There is also growing evidence that our penchant for endless throwaway plastic might be storing up serious health problems for our children later down the line. According to a University of Ghent study published earlier this year, British seafood eaters risk ingesting up to 11,000 pieces of plastic each year. The report followed UN warnings last year that cancer-causing chemicals from plastic are becoming increasingly present in the food chain.

Something must give. Unsustainable as our reliance on fast credit to finance ever more stuff, our addiction to plastic packaging is storing up serious problems for future generations. The instant gratification society, high on the dopamine rush that fades so quickly after acquiring yet another material asset, is doomed unless decisive action is forthcoming.

So what is to be done? The 2016 US documentary Minimalism points to a smarter way forward. Minimalism follows the lives of ordinary people who have shunned the rat race in favour of a simpler life with less stuff and less stress. The most poignant bit of the film features ex-broker AJ Leon recounting how he chose to forgo the glamour and riches of Wall Street for a simpler life. After a meteoric rise to the top of his profession, Leon decided to jack it all in for a more fulfilling existence.

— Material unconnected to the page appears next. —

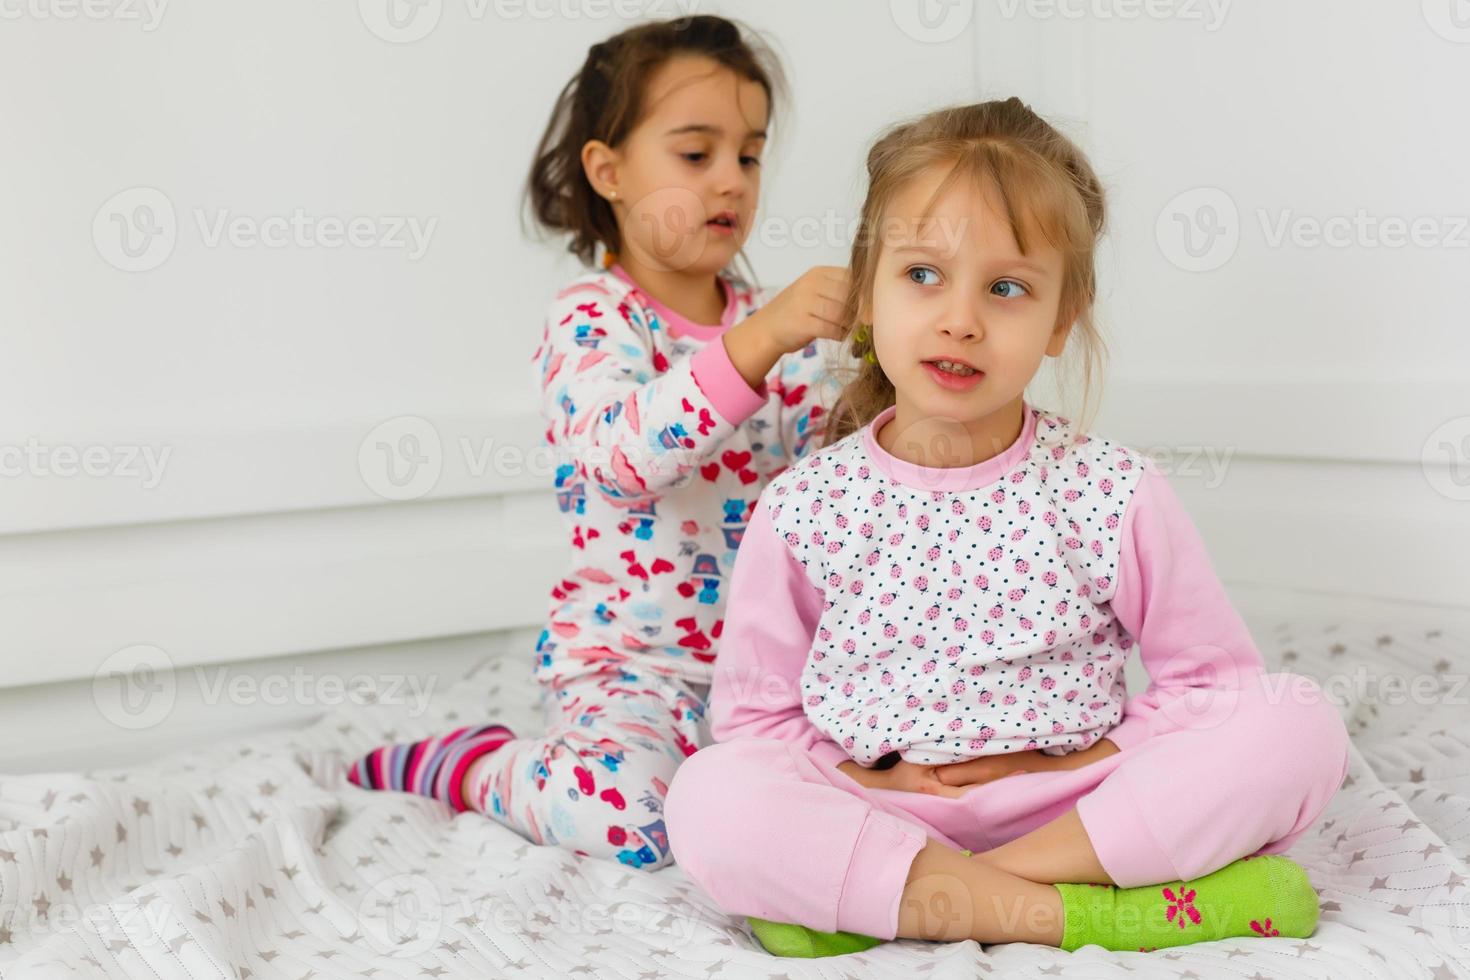 festa do pijama e amizade. festa do pijama de duas crianças pequenas felizes no quarto. amizade de crianças pequenas meninas com rostos felizes. sim. foto

While challenging the view that to be a citizen is to be a consumer is easier said than done, there are small changes that we can enact today that will make a huge difference. We simply have no choice but to dramatically reduce the amount of plastic that we can consume. If we don’t, we may soon have to contend with the ocean being home to more plastic than fish.

Like plastic, our bloated consumer culture is a disaster waiting to happen. There must be a better way.

Sian Sutherland is co-founder of campaign group A Plastic Planet which is campaigning for a plastic free-aisle in supermarkets.